Corresponding author: Gino V. Limmon ( gino.limmon@gmail.com )

Corresponding author: Kunto Wibowo ( kuntowe@gmail.com )

Academic editor: Ronald Fricke
© 2024 Gino V. Limmon, Kunto Wibowo, Teguh Peristiwady, Ruby V. Kusumah, Muhammad Afrisal.
This is an open access article distributed under the terms of the Creative Commons Attribution License (CC BY 4.0), which permits unrestricted use, distribution, and reproduction in any medium, provided the original author and source are credited.
Citation: Limmon GV, Wibowo K, Peristiwady T, Kusumah RV, Afrisal M (2024) First Southern Hemisphere record of the longnosed stargazer, Ichthyscopus lebeck (Actinopterygii: Perciformes: Uranoscopidae). Acta Ichthyologica et Piscatoria 54: 37-41. https://doi.org/10.3897/aiep.54.113513
ZooBank: urn:lsid:zoobank.org:pub:83CFFDC6-4EE8-4EFE-9A83-FB9A2D5E982B
Open Access

Abstract

Two specimens (290.2 and 309.5 mm in standard length) of the longnosed stargazer, Ichthyscopus lebeck (Bloch et Schneider, 1801), were recently collected from Jakarta Bay, Jakarta, Indonesia.

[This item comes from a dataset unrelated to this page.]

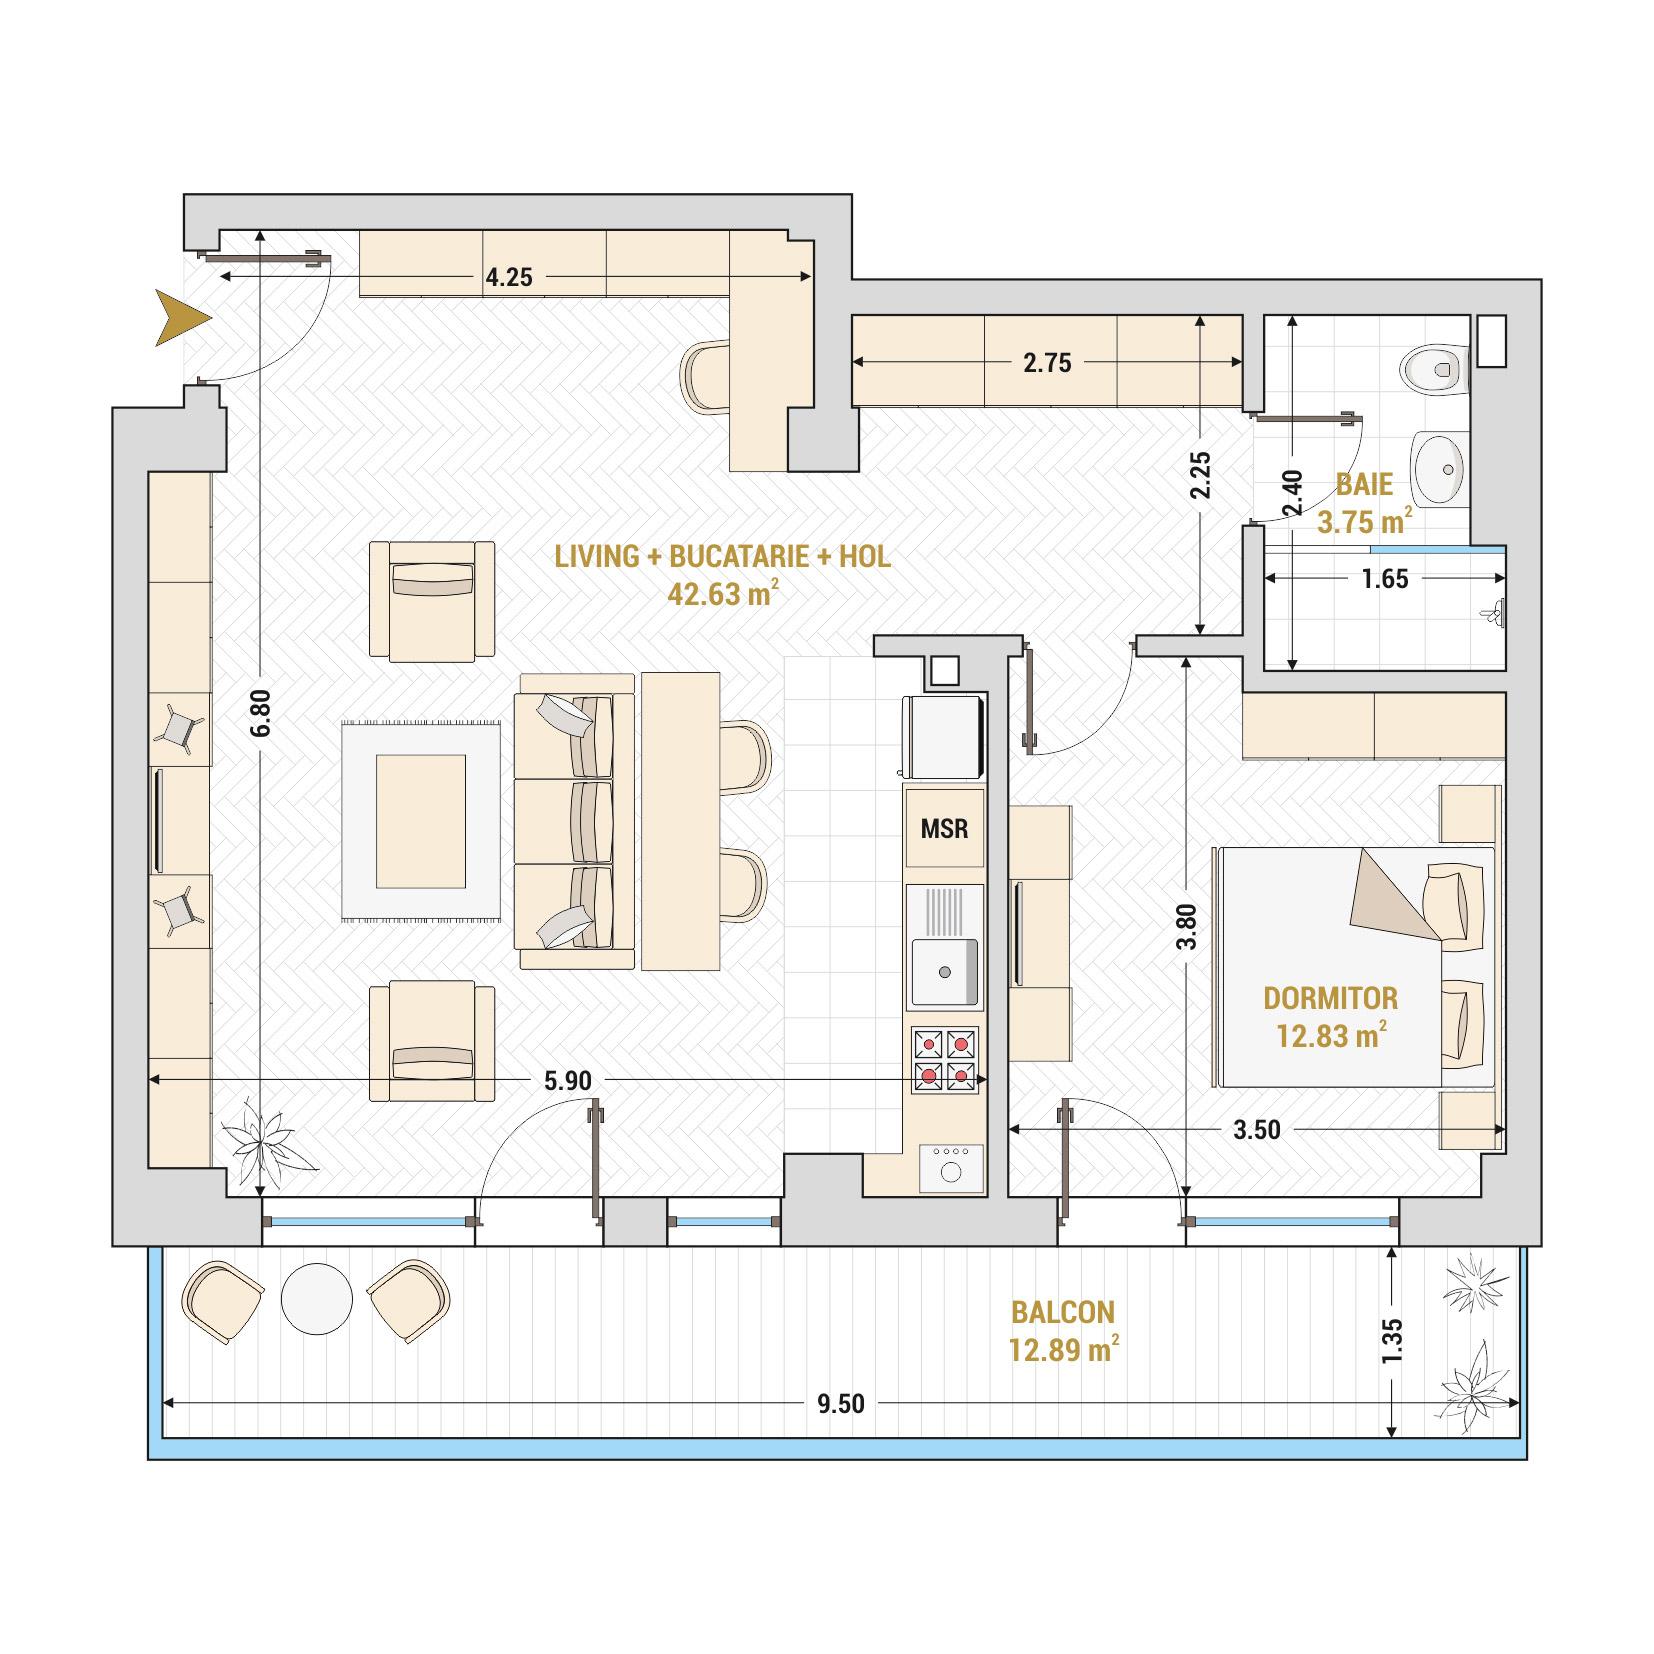 Apartamente cu 2 camere de vanzare Bucuresti - Catedral Residence - Marriott, Piata Unirii, 13 Septembrie, Izvor - Tip 7 - T1A

Described more than two centuries ago, I. lebeck has hitherto been documented exclusively from the Northern Hemisphere, encompassing the Arabian Sea, southern coastal India, the Bay of Bengal, the Andaman Sea, and Singapore. The present paper documents the first record of the species in the Southern Hemisphere. Detailed descriptions of these specimens are provided, contributing valuable insights into the characteristics of I. lebeck in the newly reported locality.

Keywords

distribution, Indonesia, morphology, Southern Hemisphere

Introduction

The genus Ichthyscopus Swainson, 1839, family Uranoscopidae, includes eight valid species, i.e. Ichthyscopus barbatus Mees, 1960; Ichthyscopus fasciatus Haysom, 1957; Ichthyscopus insperatus Mees, 1960; Ichthyscopus lebeck (Bloch et Schneider, 1801); Ichthyscopus nigripinnis Gomon et Johnson, 1999; Ichthyscopus pollicaris Vilasri, Ho, Kawai et Gomon, 2019; Ichthyscopus sannio Whitley, 1936; and Ichthyscopus spinosus Mees, 1960 (see Vilasri et al. 2019). The genus is distinguishable from other genera by the following external morphological characters: lateral lines on each side of body joined dorsally midway along caudal peduncle; cleithral spine embedded in dermal fringed flaps; upper and lower lips with developed compressed cutaneous cirri; and pectoral fin blade-shaped, upper rays longer than middle ray (Kishimoto 2001; Vilasri 2013). Ichthyscopus lebeck and the recently described new species I. pollicaris have both been reported as having a restricted distribution in the Northern Hemisphere, ranging from the Arabian Sea, southern coastal India, the Andaman Sea, Singapore, and east Asian waters, whereas the other six species are allopatrically distributed in waters off Australia and New Guinea (Vilasri et al. 2019).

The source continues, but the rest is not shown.